__The problem__: Every line of the listing below is to be duplicated exactly, with the pictures left out.

__Collected material__:
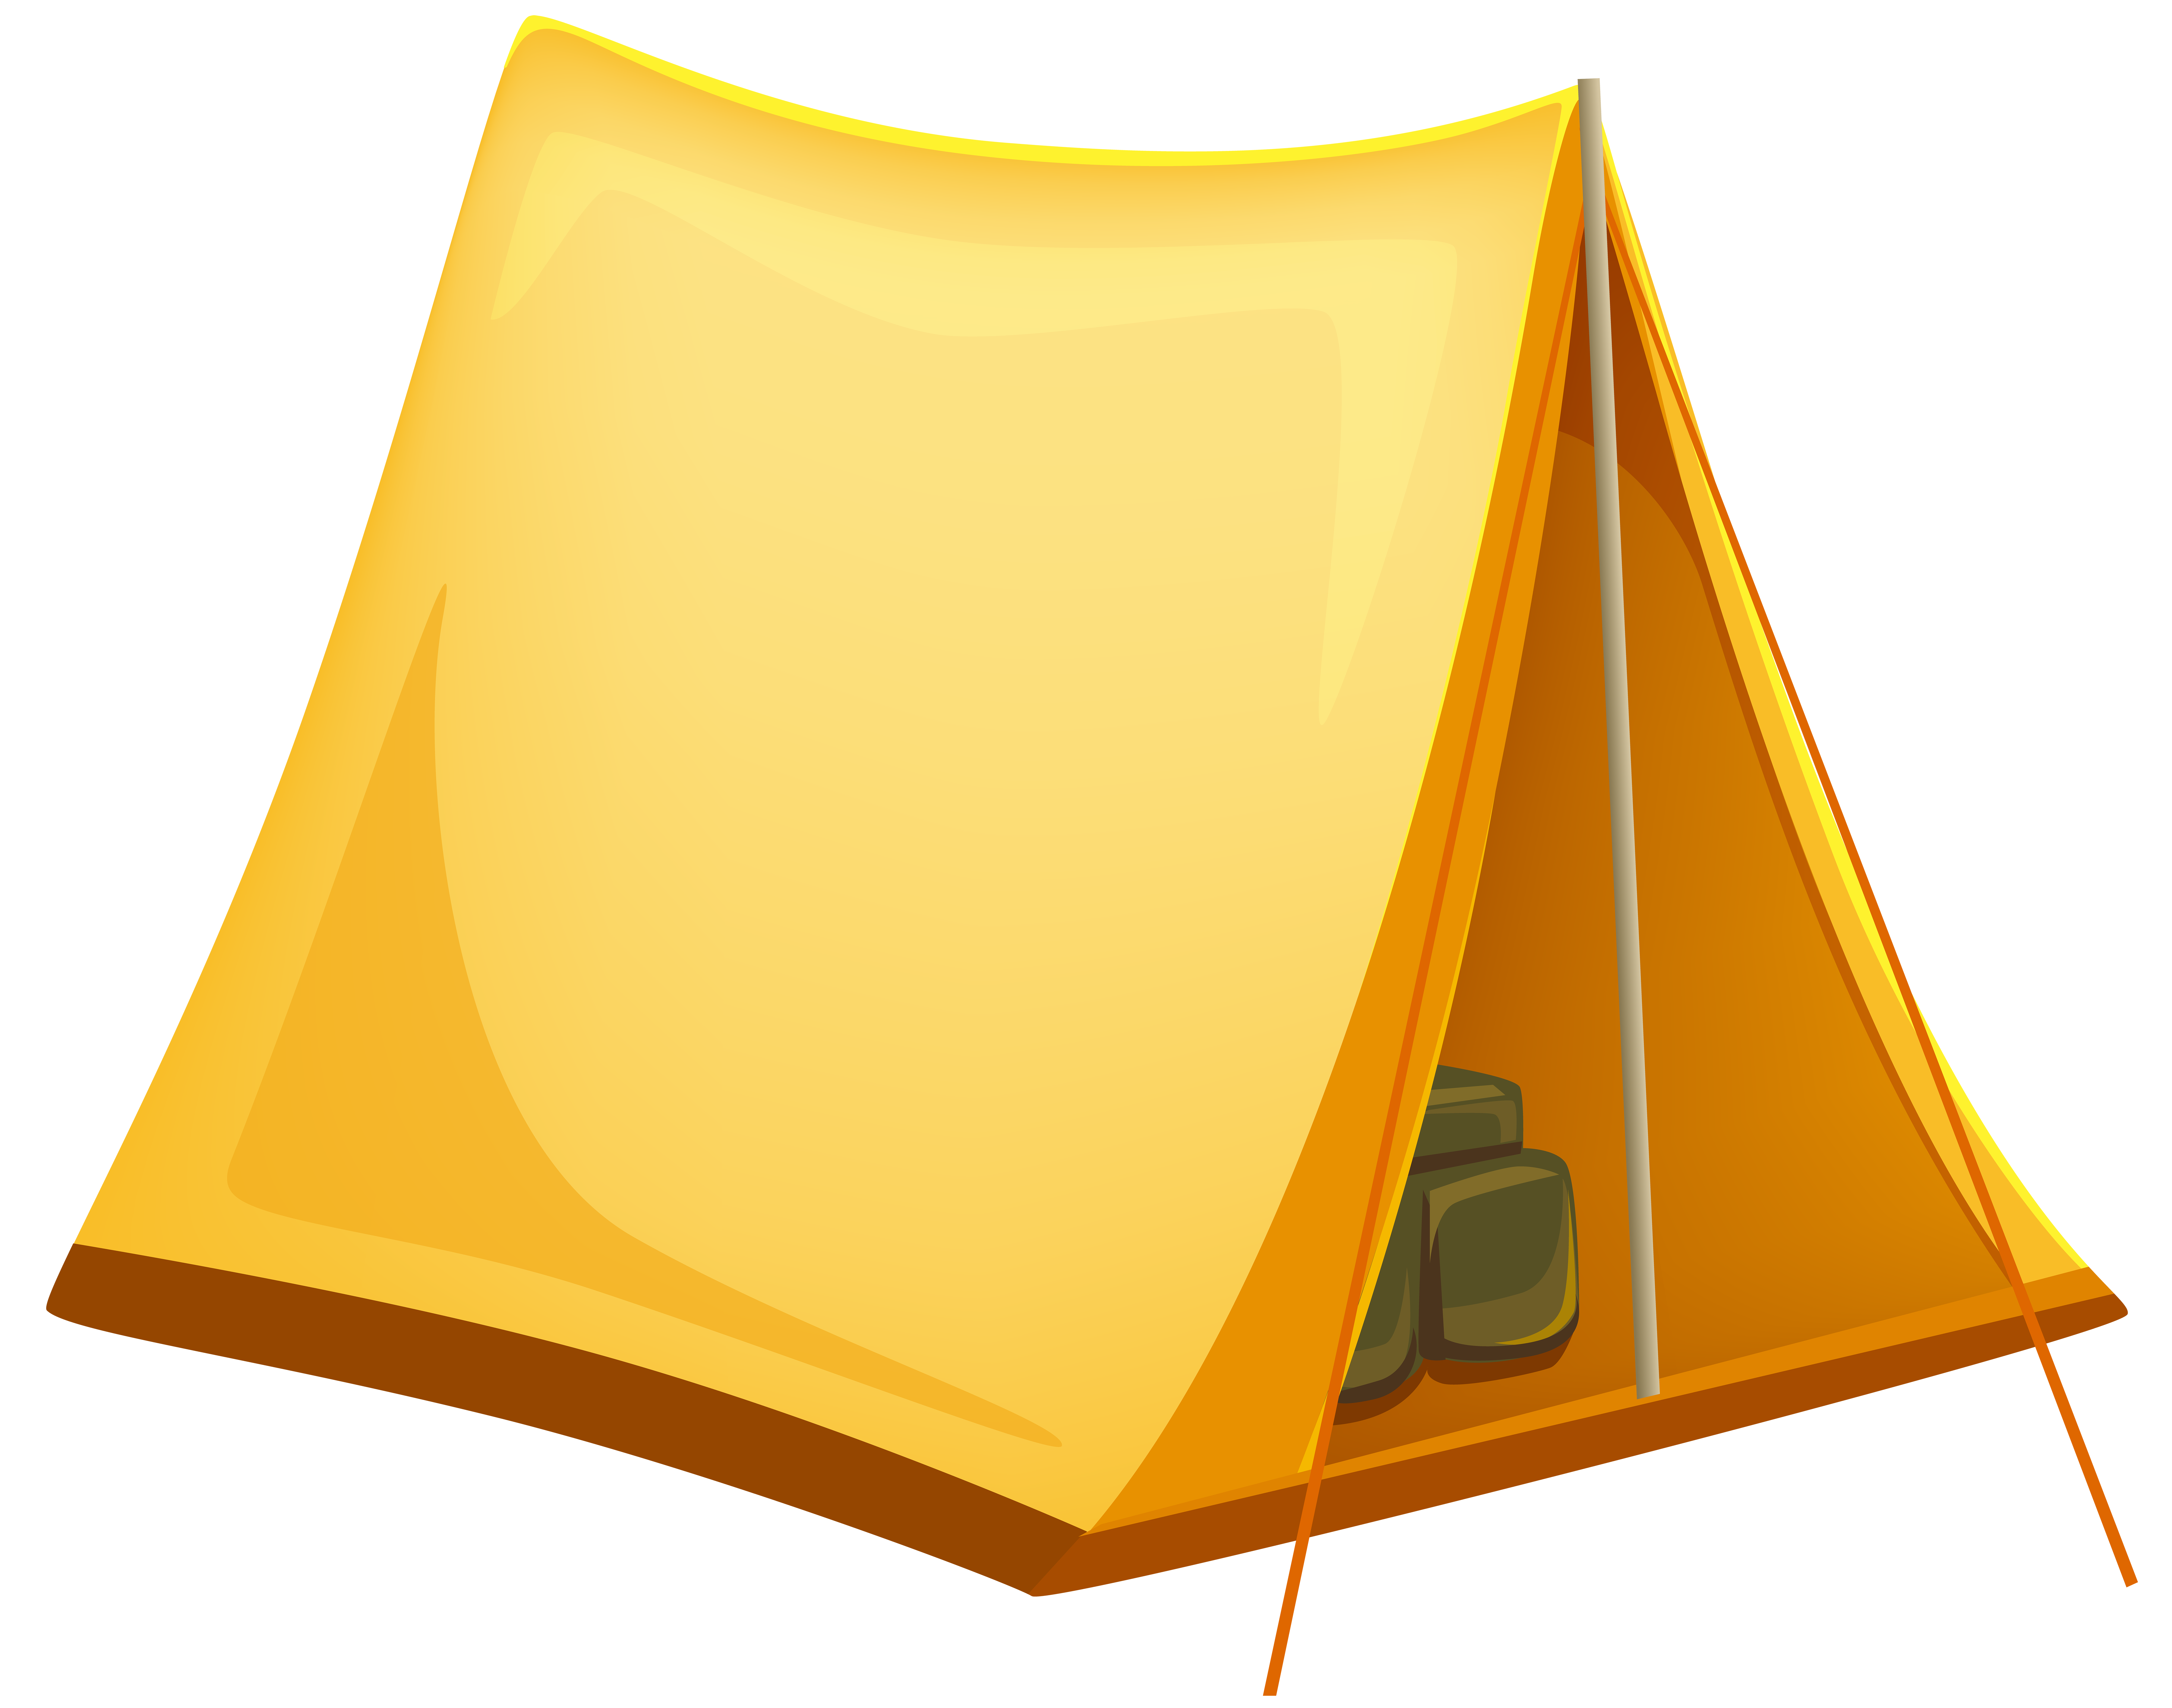 Tent yellow tent
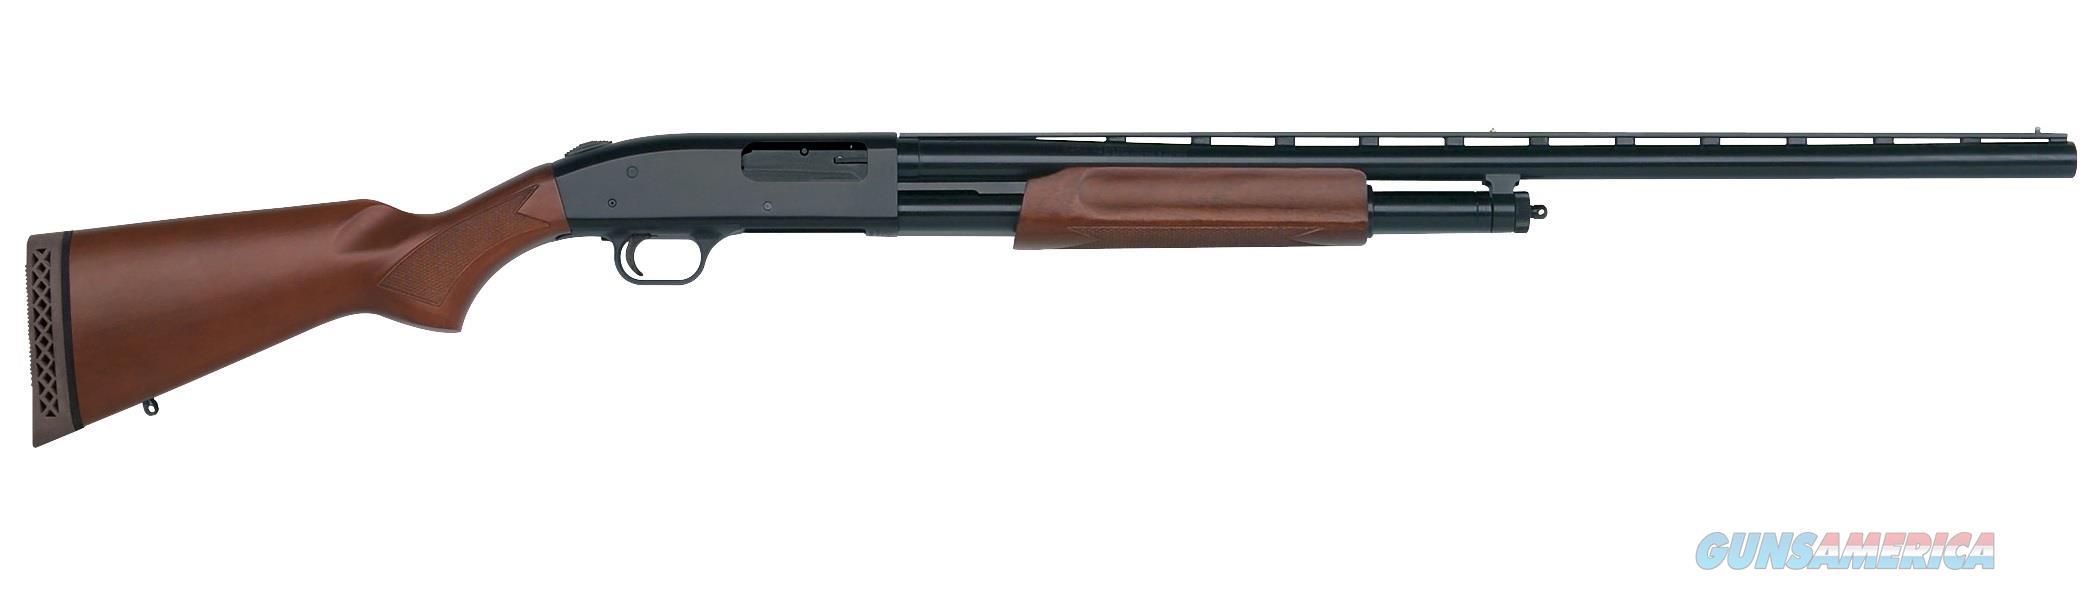 "Mossberg 500 Hunting All Purpose Field 12 Gauge 28"" 50120   Guns > Shotguns > Mossberg Shotguns > Pump > Sporting"
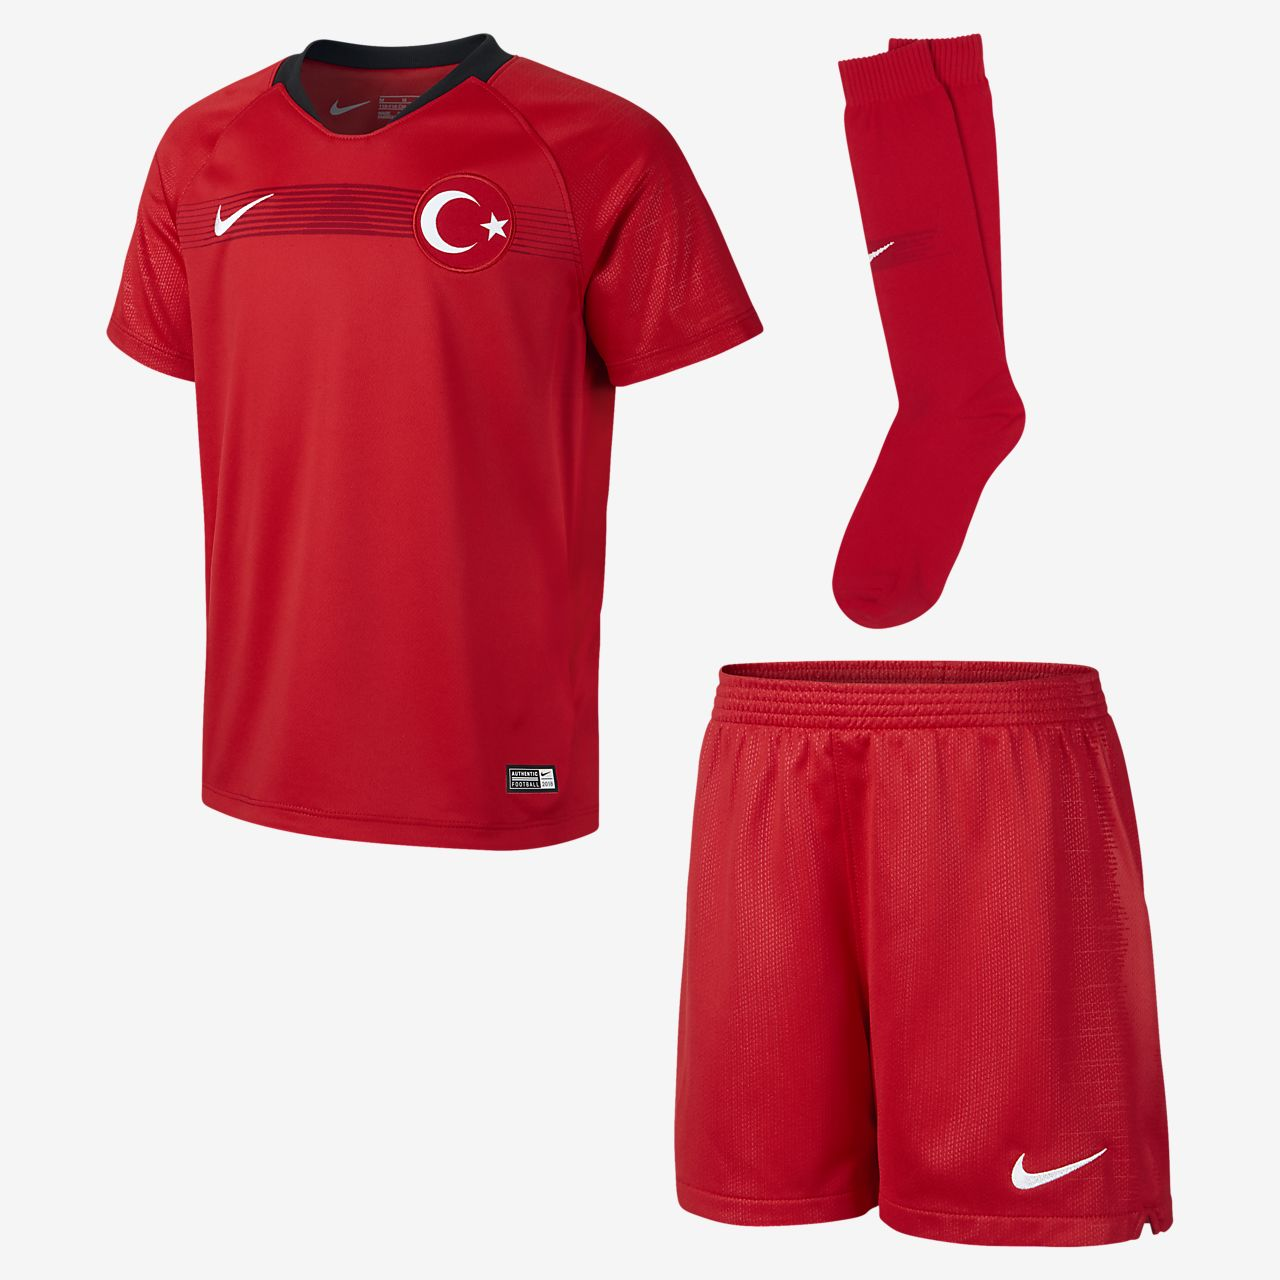 448e7cef444 ... Uniforme de fútbol para niños talla pequeña 2018 Turkey Stadium Home

__Answer to this problem__:
 Tent yellow tent
 "Mossberg 500 Hunting All Purpose Field 12 Gauge 28"" 50120   Guns > Shotguns > Mossberg Shotguns > Pump > Sporting"
 448e7cef444 ... Uniforme de fútbol para niños talla pequeña 2018 Turkey Stadium Home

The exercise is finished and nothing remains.